= TAG Corner =

TAG Corner (or simply TAG: Tennessee, Alabama, and Georgia) is a name for the region where the U.S. states of Tennessee, Alabama, and Georgia come together. It is a mountainous area dominated by the Cumberland Plateau and Lookout Mountain, with elevations ranging up to 2000 ft. The major routes of travel through the region are Interstate 59 and US 11, which follow a valley connecting Gadsden, Alabama in the southwest of the region with Chattanooga, Tennessee in the northeast.

These routes cross a corner of Georgia (centered on the town of Trenton), which, because of the terrain, was only accessible by way of Tennessee or Alabama until 1939. One also crosses this corner of Georgia briefly when traveling "west" from Chattanooga to Nashville on Interstate 24.

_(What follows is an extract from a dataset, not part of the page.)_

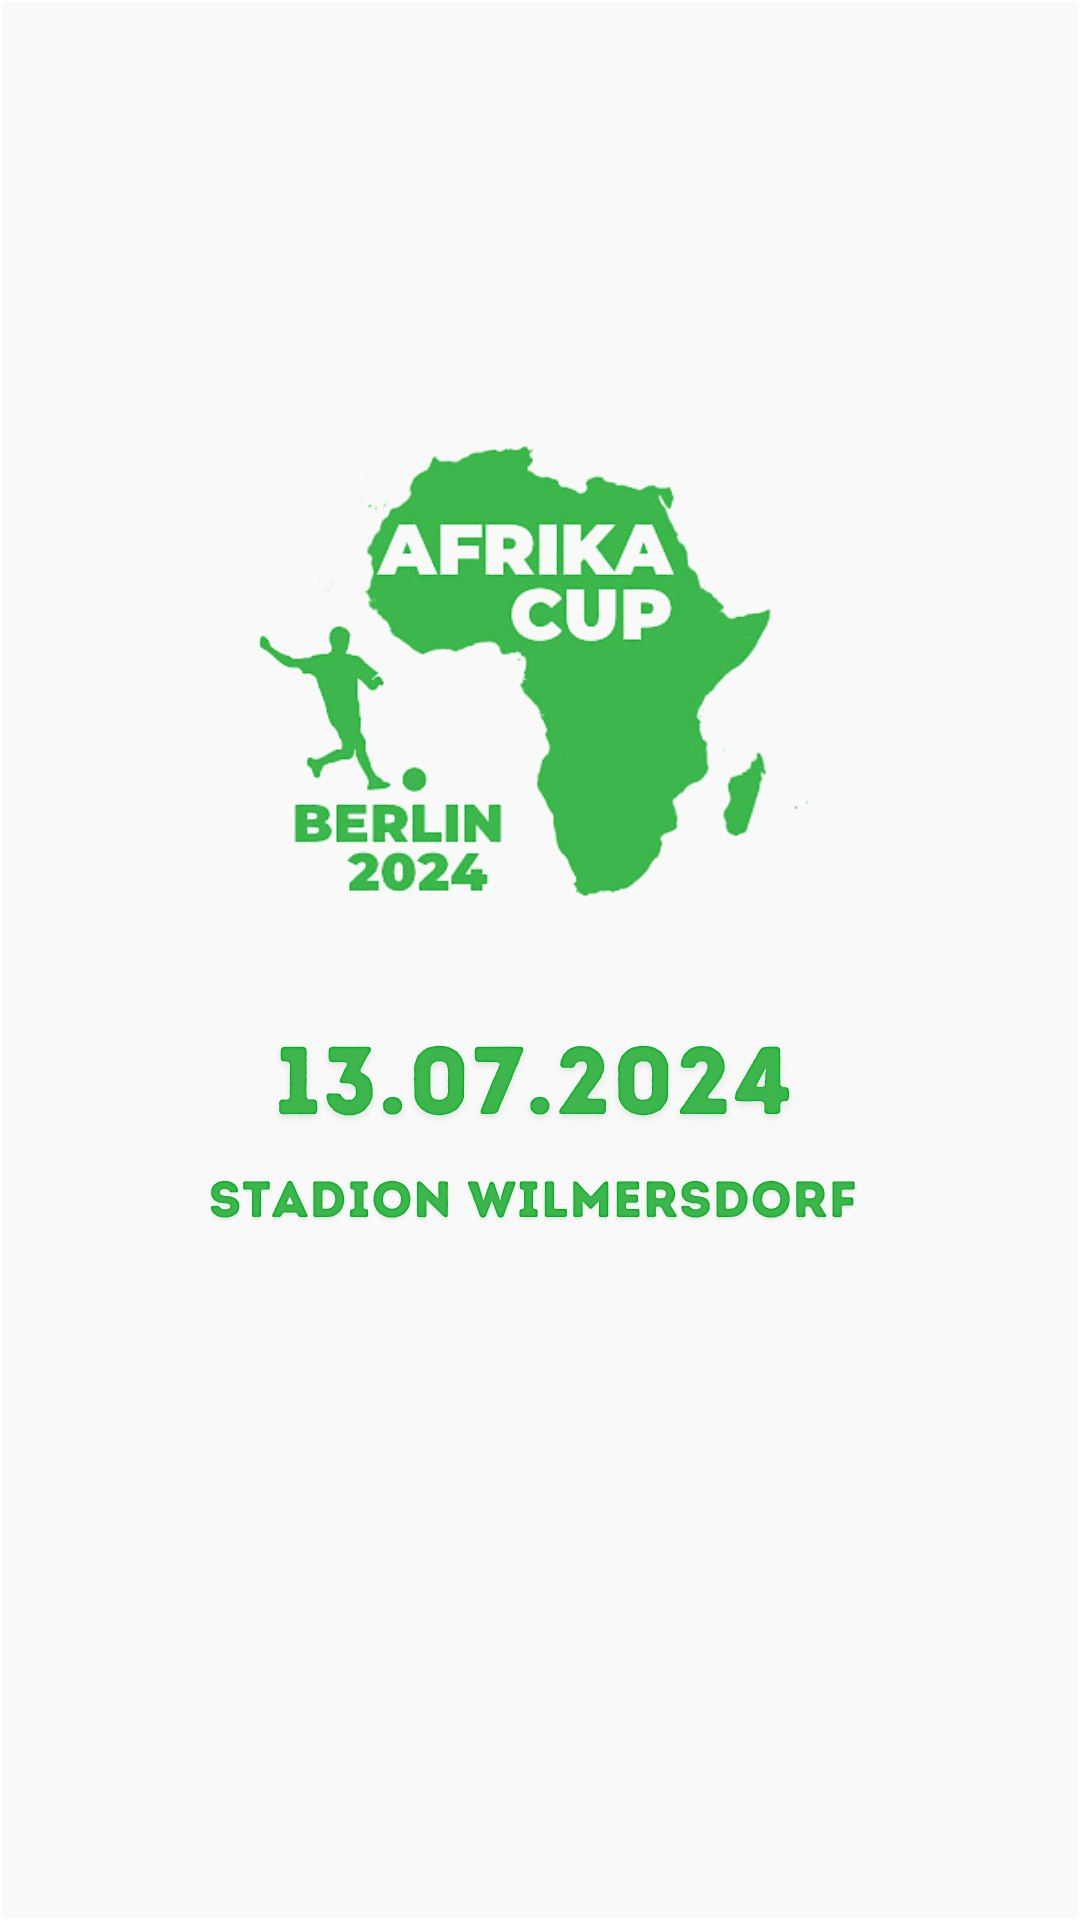 Afrikacupberlin 2024

The term TAG Corner seems to find the most use among devotees of caving, although cavers usually just call the area "TAG". Because of the limestone geology of the Cumberland Plateau, the area is one of the finest for caving in the United States. TAG is especially known for vertical caving due to the depth of many of the caves.

The abbreviation may have originally been used by the TAG Line, a railroad which operated in the region from 1892 to 1971. It may also come from a group of cavers calling themselves TAG in the 1960s.